Fear is a powerful motivator. It can make us run at lightning speed, slow time down or speed it up, and give us superhuman strength. In its proper place, fear can be a formidable tool. Out of context, it can be debilitating, and lead to negative consequences on many different levels.
Sadly, we live in a fear-based society. We’re bombarded with fear-based messages from all sides—from television programs, from radio, from social media. We get the news and from our “entertainment,” but most of all we get if from advertising. Advertising presents a steady stream of fear-based messages, from the blatant—“ask your doctor about this drug (and if you don’t, you’re risking your health)” to the extremely subtle, and the most subtle form of fear-mongering of all is to instill in us a fear of need.

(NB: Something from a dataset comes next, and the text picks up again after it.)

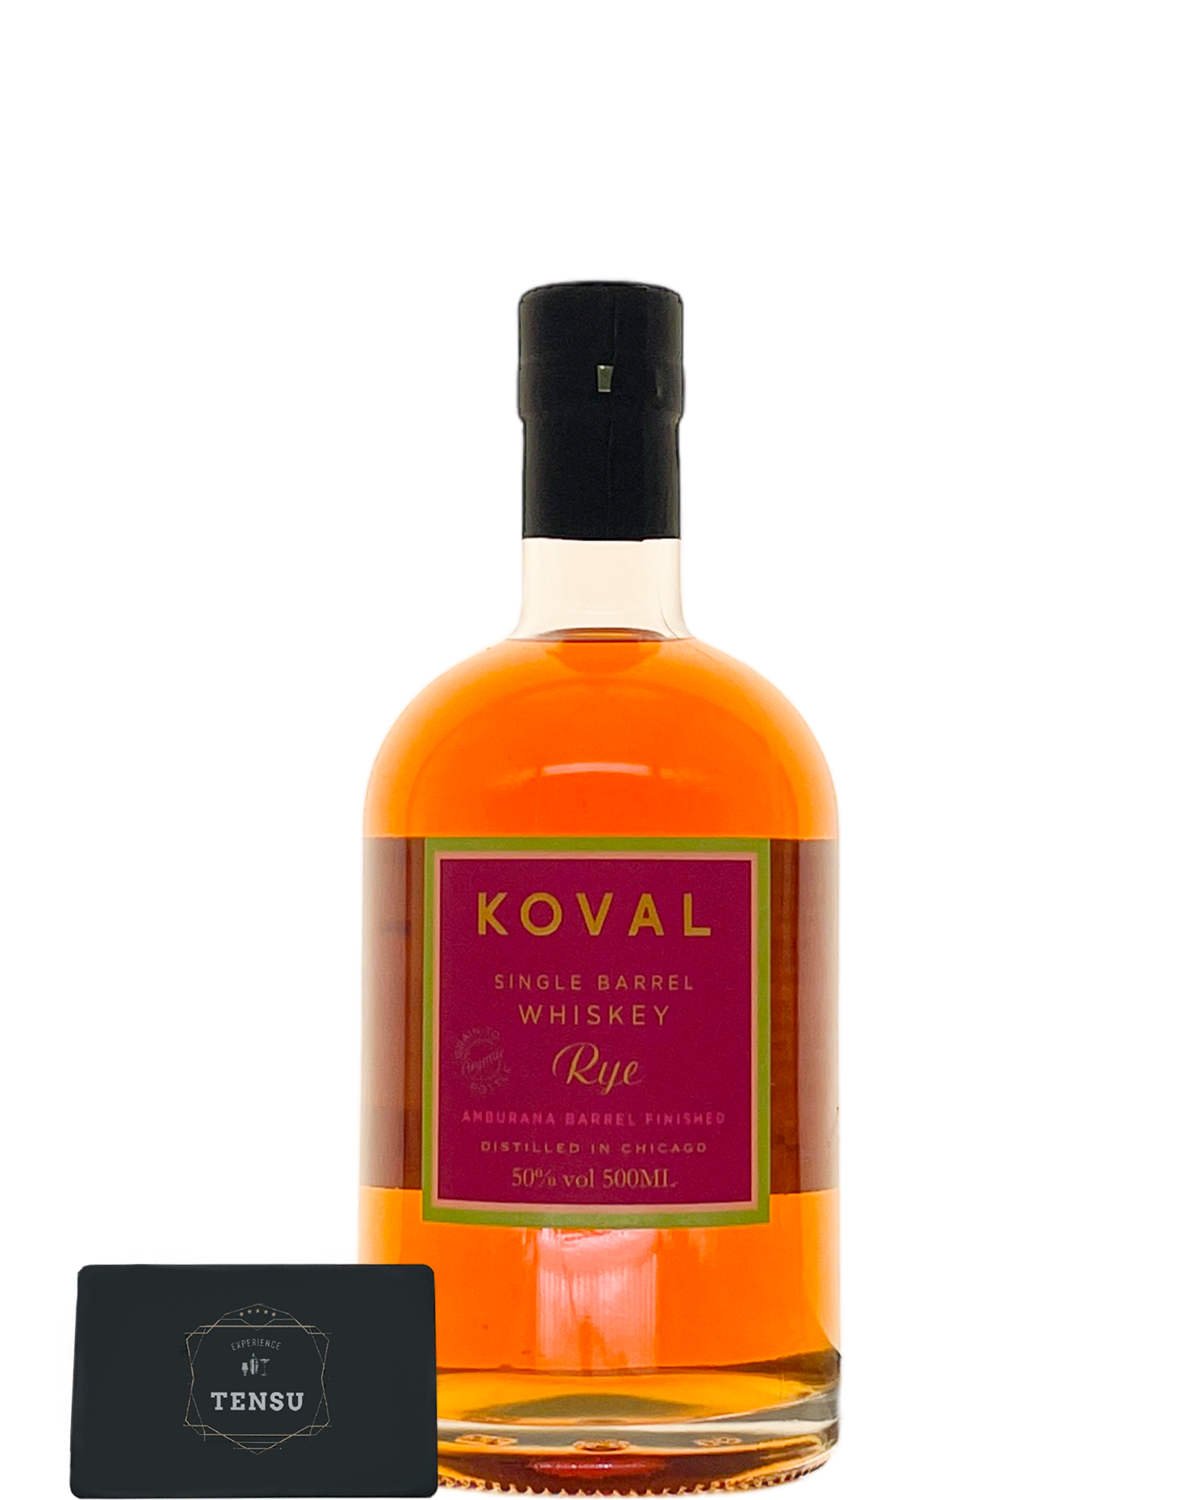 Koval Rye (Single Barrel Rye Whiskey) Amburana Barrel Finish 50.0 "OB"

The poet Gibran says of fear of need:
Is not dread of thirst when your well is full, the thirst which is unquenchable?
Needs can be filled—thirst can be quenched, thirst satisfied. But fear of need creates a hole which can never be filled, a gnawing hunger for more that can never be satisfied. Since there is no real need, the need can never be filled, but which we will go to great lengths to try to gratify. Fear of need is what motivates us to buy car insurance, but it’s also the thing which spurs us to cook more food than we can eat in one meal, to own 10 pairs of shoes, to trade in our cars every two years.
Fear of need is a much more insidious and destructive state than simple need itself. Relax. Examine your motives. There is really nothing to fear.